Although my Richland experience with Raphael did not entail large blocks of time together, I did gain a very healthy respect for his down-too-earth demeanor. A decade after his death, I learned of many additional, manly qualities possessed by my father-in-law. These insights came not from my Richland experience with him, but from visiting his former home and place of work in Utah. They reinforced and enlarged everything I had previously known about him.
I moved my family back to Utah in 1963, where I had accepted employment at BYU. Being close to Barbara's girlhood home, we made numerous trips to the Clement farm north of Fairview, in Sanpete County.
On one of those trips, we drove up Fairview Canyon, over the Skyline Drive and down the other side to Electric Lake.
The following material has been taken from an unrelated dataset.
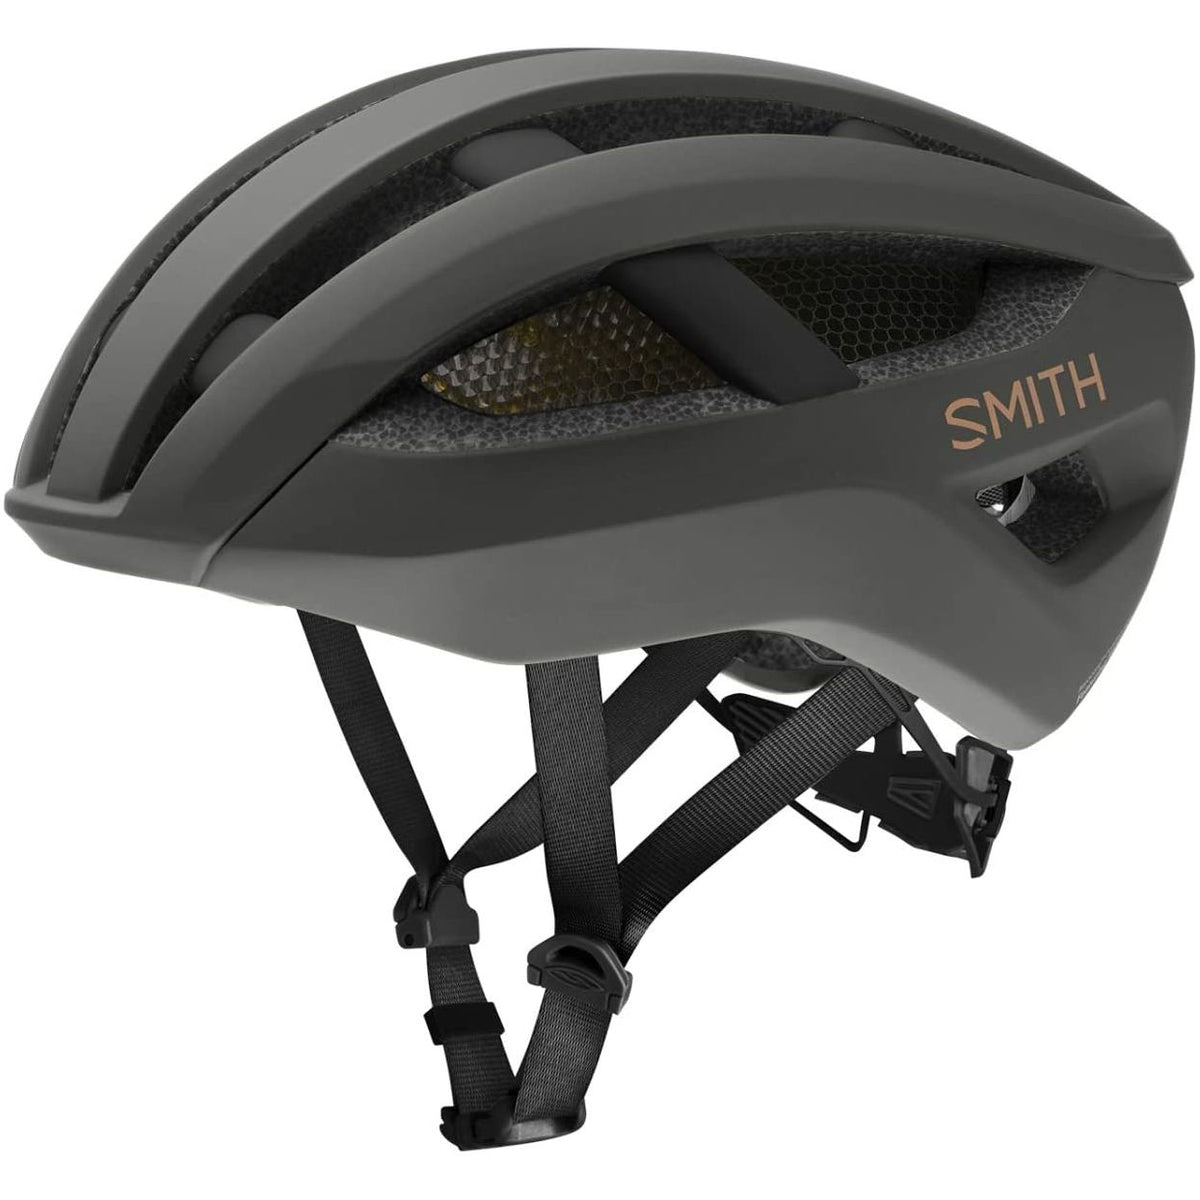 Smith Optics Network MIPS Helmet

A little east of the lake, Valentine Canyon breaks off from the main canyon road. Two or three hundred yards up that canyon lies the remains of the Valentine Coal Mine which Raphael operated in the 1930's. When I saw the blocked mine shaft, the rusted mine car and tracks, the large pile of tailings, the steep road grades required to bring teams and wagons there and the remains of a cabin and old rusty stove, I immediately recognized the skill and strength required to develop that site using 1930's tools and methods. My respect for Raphael and his life rose many fold. He, indeed, achieved success during the most trying period of the Great Depression, providing for his large family by the sweat of his brow, the strength of his arm and the courage of his heart.
The harshness of his early family life was eased by the move to Richland, but those manly qualities he developed in Sanpete were always an inherent part of his character. Indeed, he was a good man!